Mr. Balsillie and Mr. Puetter have different backgrounds, but Mr. Oliver rejected the suggestion that SDTC is changing direction. “I wouldn’t characterize it as a shifting mandate … the core mandate is there. What he wants to do, and what he talked about with me is, how he can help in achieving the commercialization of the technologies,” he said.

The federal government needs to provide more long-term dollars to SDTC, but Mr. Balsillie could be a good choice, said Clare Demerse, federal policy director for the Pembina Institute, an environmental policy think tank.

“In the same way that smartphones have changed the way we operate day to day, we see clean technology not as a niche but as an indispensable part of a low-carbon future. I'm hoping that Jim Ballsillie's background will be a significant asset in helping Canada's clean technology sector tap into the trillion-dollar global clean technology market,” Ms. Demerse said.

This year’s federal budget allocated $325-million over eight years to SDTC, Mr. Oliver’s office said. The agency spent $68-million on projects in 2012. Mr. Balsillie’s new gig is hardly a lucrative one – the position of board chairman of SDTC pays $12,000 annually, with a $550 stipend for each meeting.

Mr. Balsillie expressed interest in the position after speaking with a member of Mr. Oliver’s staff, although the minister declined to detail whether he specifically sought out the BlackBerry mogul. “He’s certainly been very successful, and when people are successful sometimes they want to devote themselves to doing things in the public interest,” Mr. Oliver said.

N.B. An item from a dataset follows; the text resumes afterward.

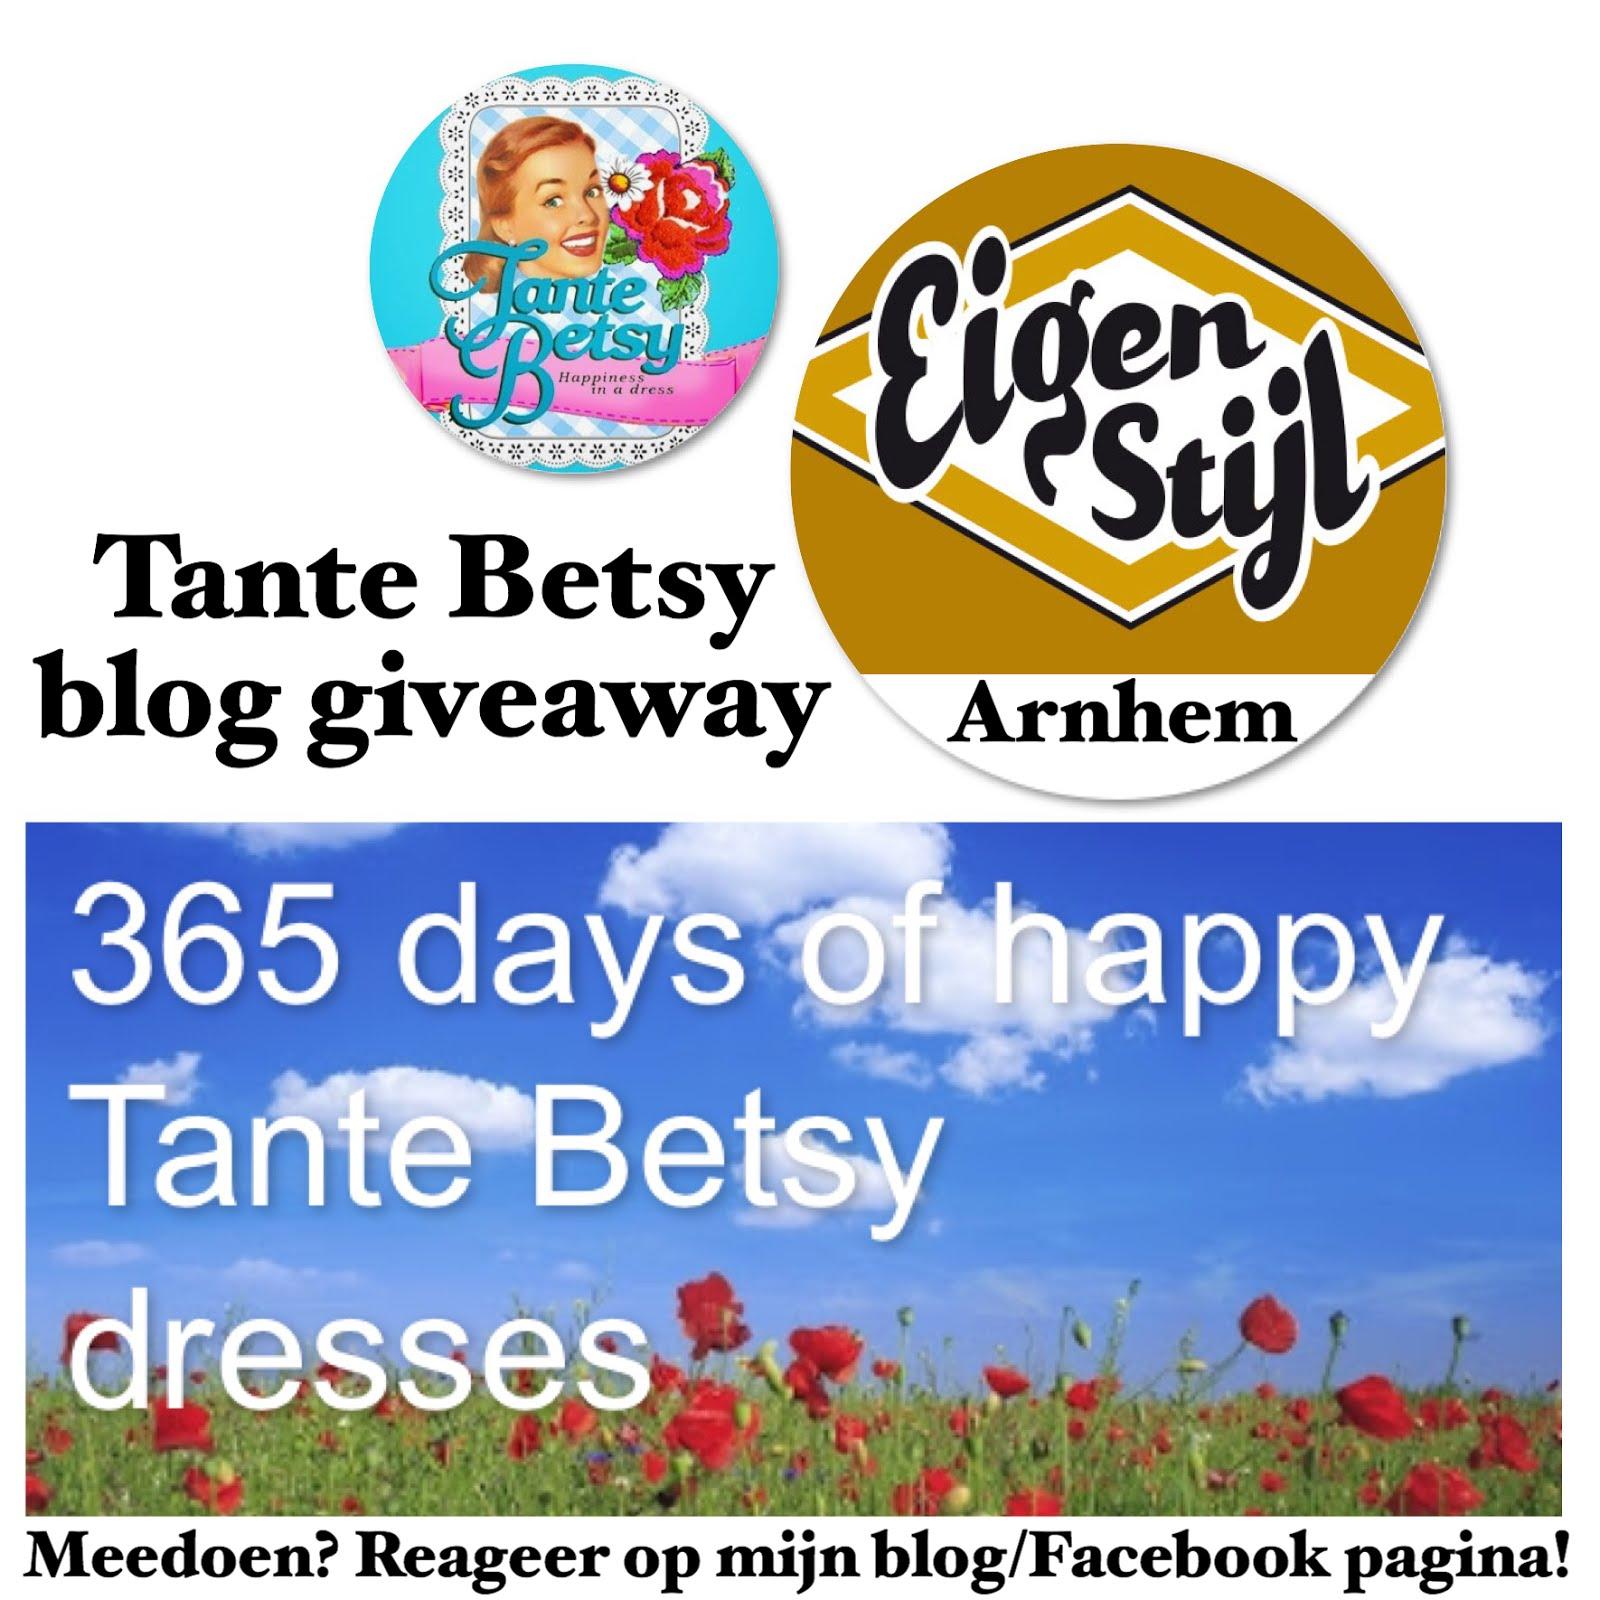 Tante Betsy blog giveaway Eigen Stijl Arnhem

Mr. Balsillie stepped down last year from RIM, which has since been rebranded as BlackBerry. Mr. Balsillie had spent 20 years with the Waterloo, Ont., tech giant, helping build it into one of the world leaders in smartphones.

Since leaving the company, Mr. Balsillie has been an adviser at a number of venture capital firms and startups. Three years ago, he was appointed to the UN’s Panel on Global Sustainability. He founded the Balsillie School of International Affairs, was the founding chair of the Canadian International Council and remains chair of the Centre for International Governance Innovation, a Waterloo think tank he also founded.

A hockey fan, Mr. Balsillie also found himself in the spotlight amid repeated attempts to buy an NHL team and relocate it to southwestern Ontario. That chase has ultimately proven fruitless, with Mr. Balsillie clashing regularly with league commissioner Gary Bettman.